* [DATA EXTRACT]:
━━━━━━━━━━━━━━━━
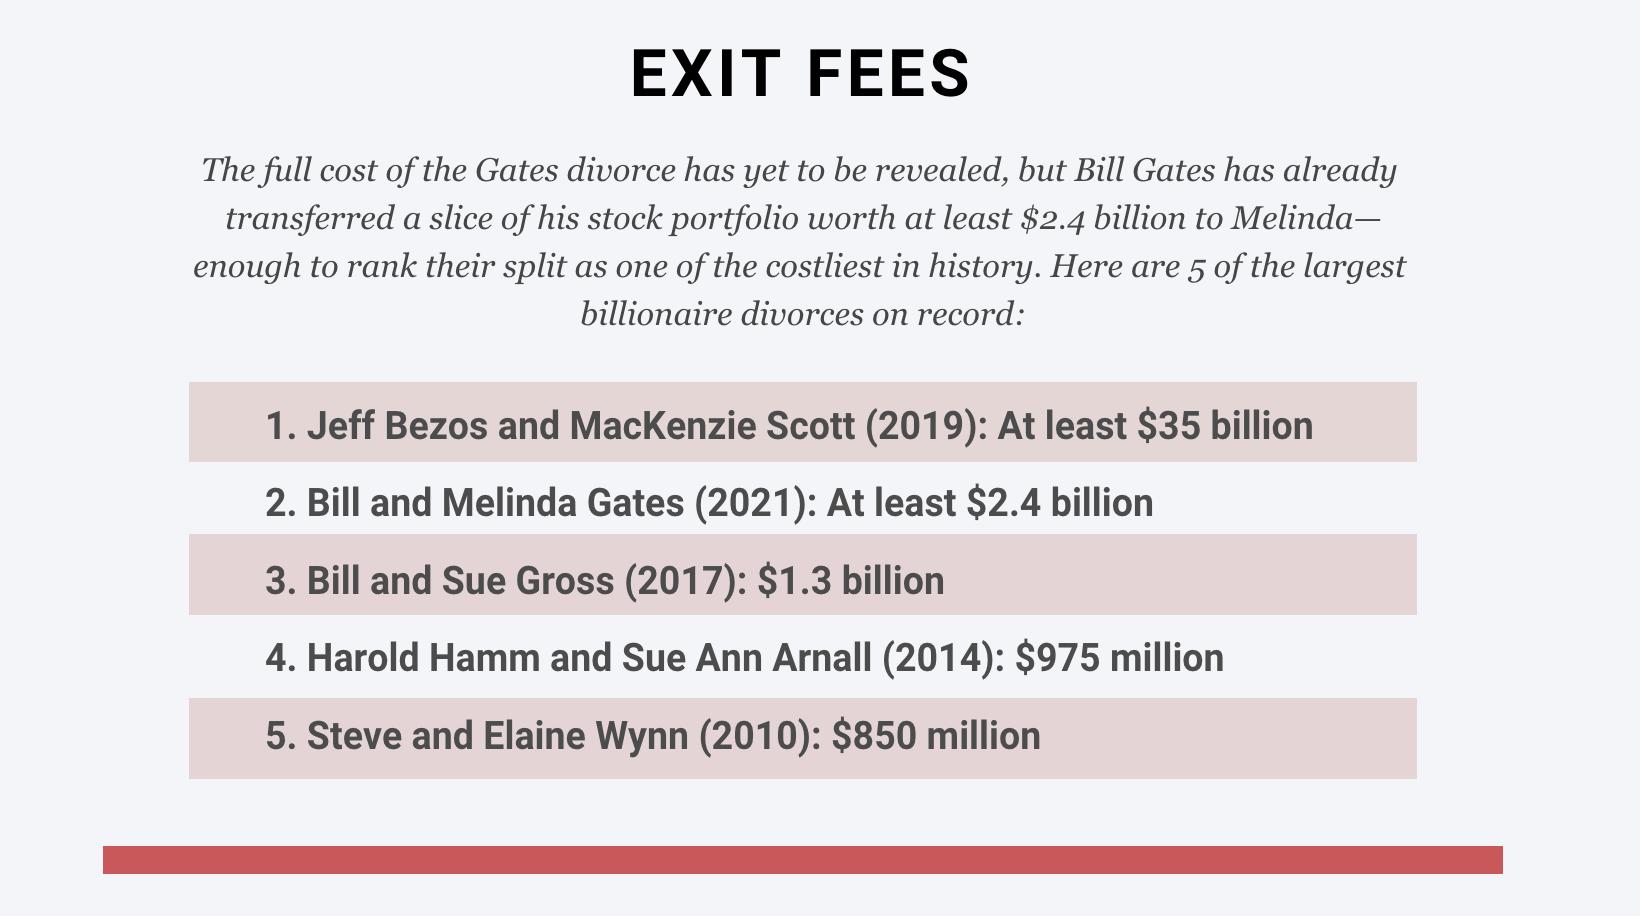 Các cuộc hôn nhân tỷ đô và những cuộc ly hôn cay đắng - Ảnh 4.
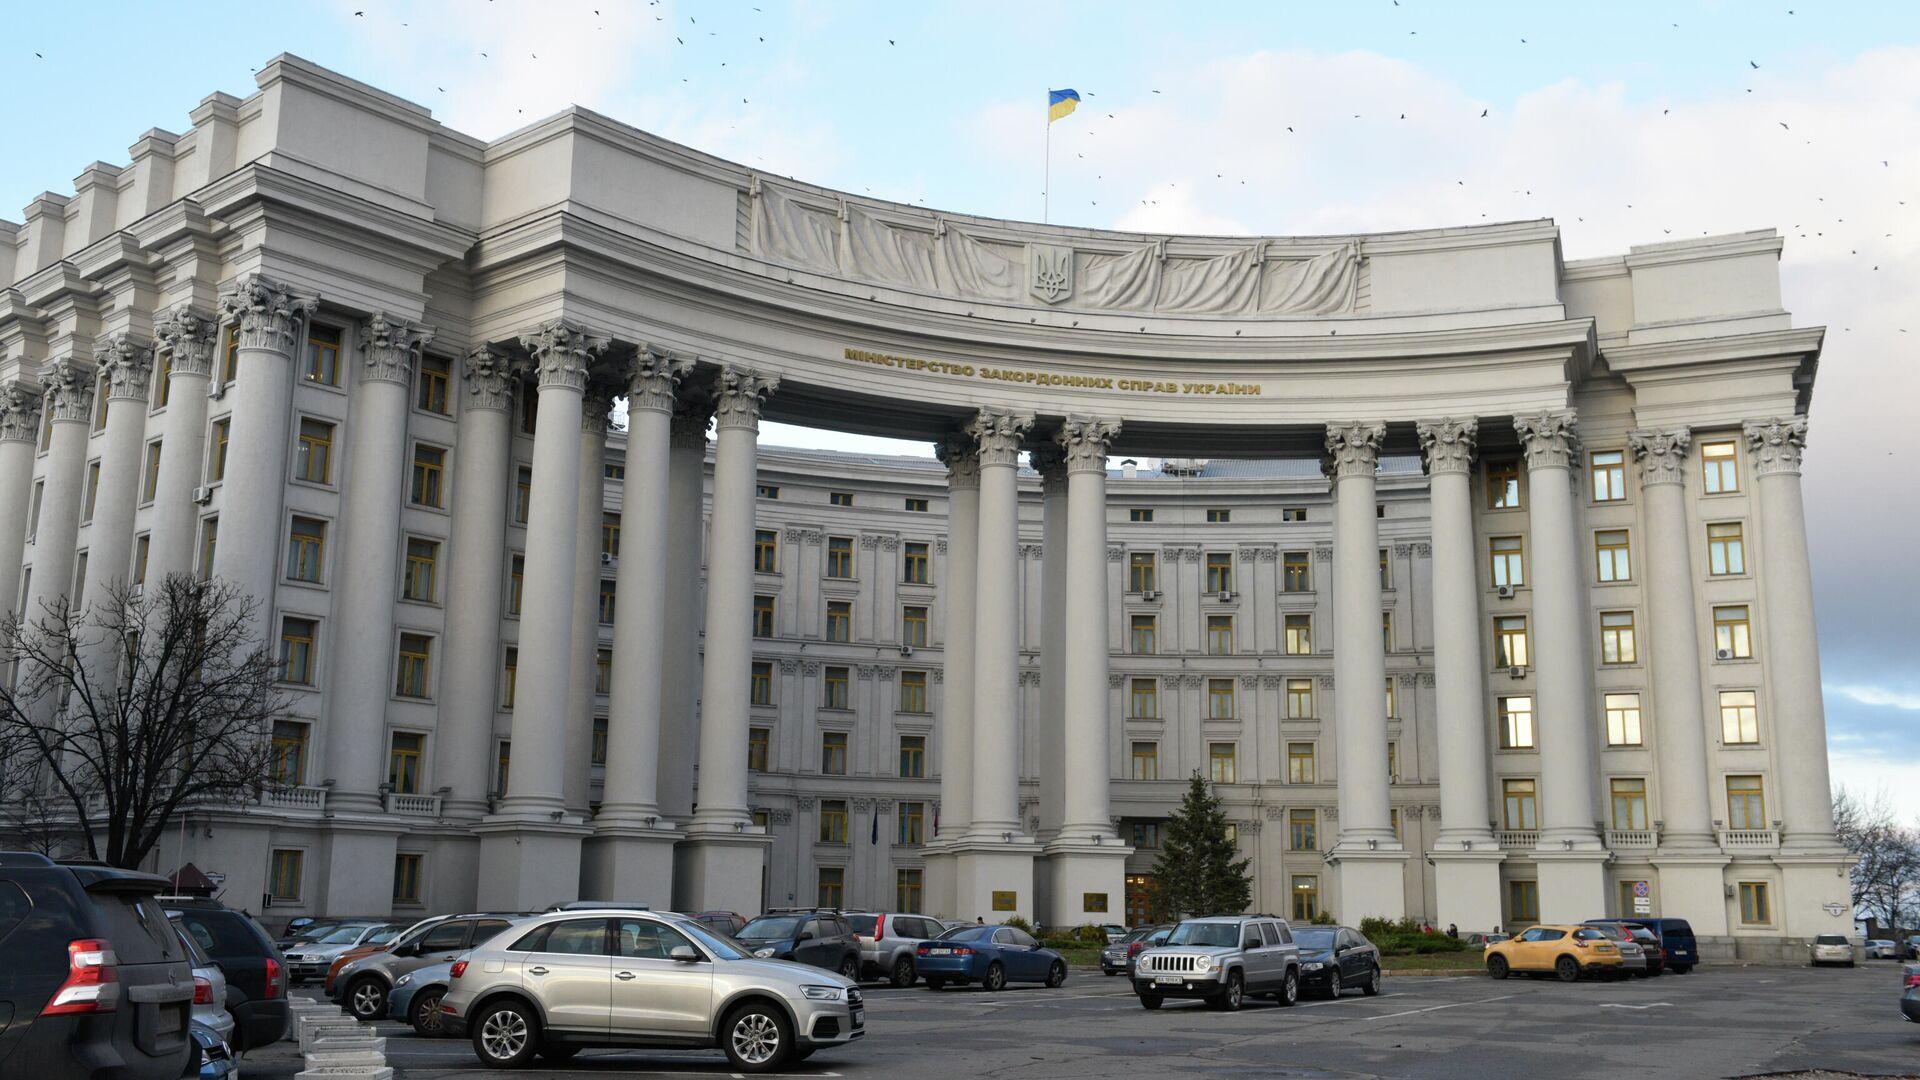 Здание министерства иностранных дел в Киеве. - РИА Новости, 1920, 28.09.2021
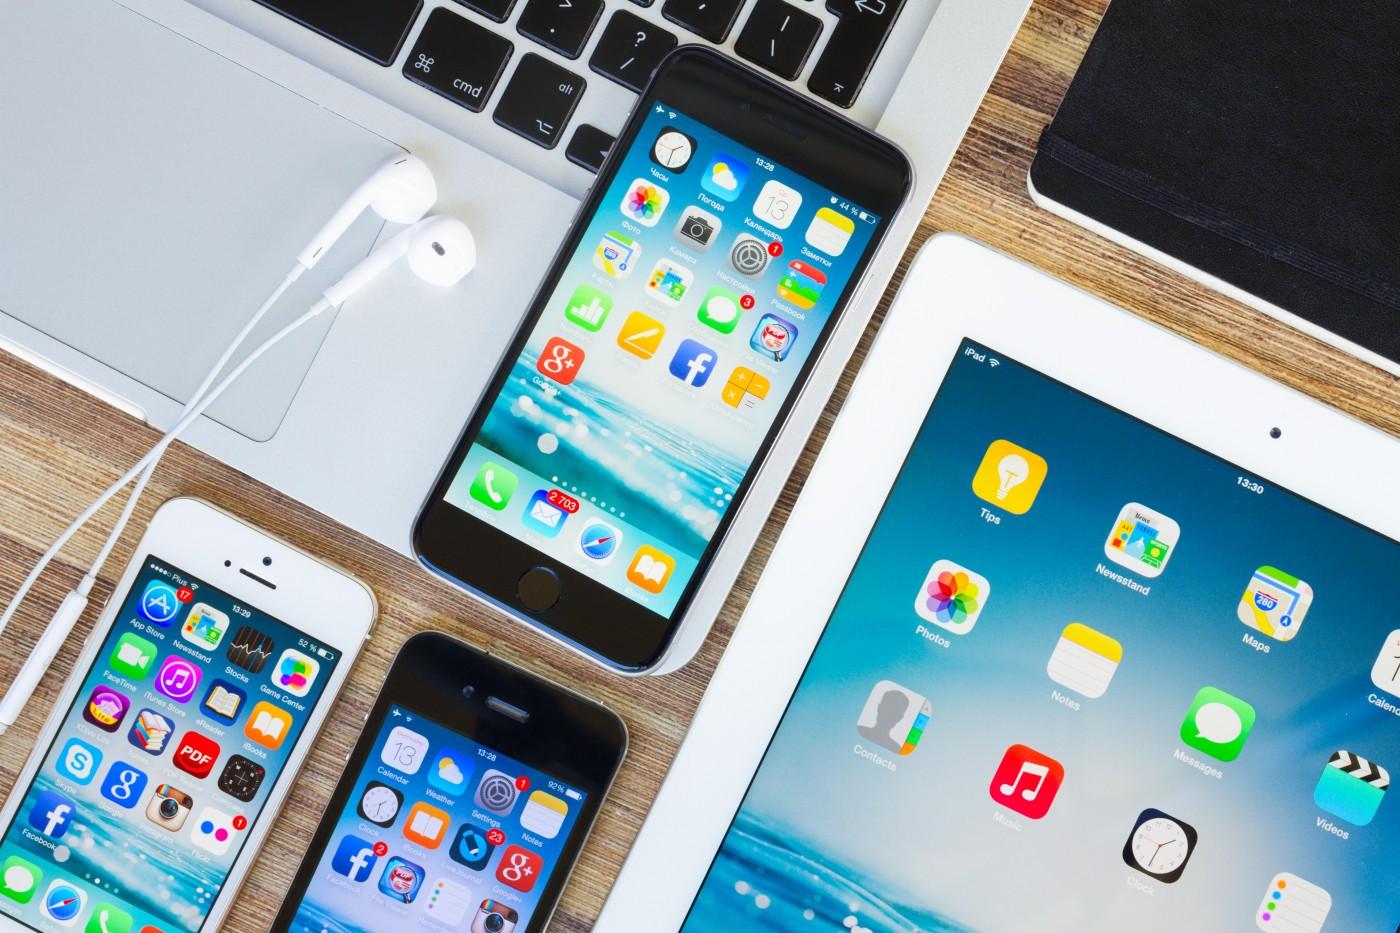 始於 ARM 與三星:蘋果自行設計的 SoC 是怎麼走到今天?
━━━━━━━━━━━━━━━━
Leaving the pictures out, output all of the listing exactly.

 Các cuộc hôn nhân tỷ đô và những cuộc ly hôn cay đắng - Ảnh 4.
 Здание министерства иностранных дел в Киеве. - РИА Новости, 1920, 28.09.2021
 始於 ARM 與三星:蘋果自行設計的 SoC 是怎麼走到今天?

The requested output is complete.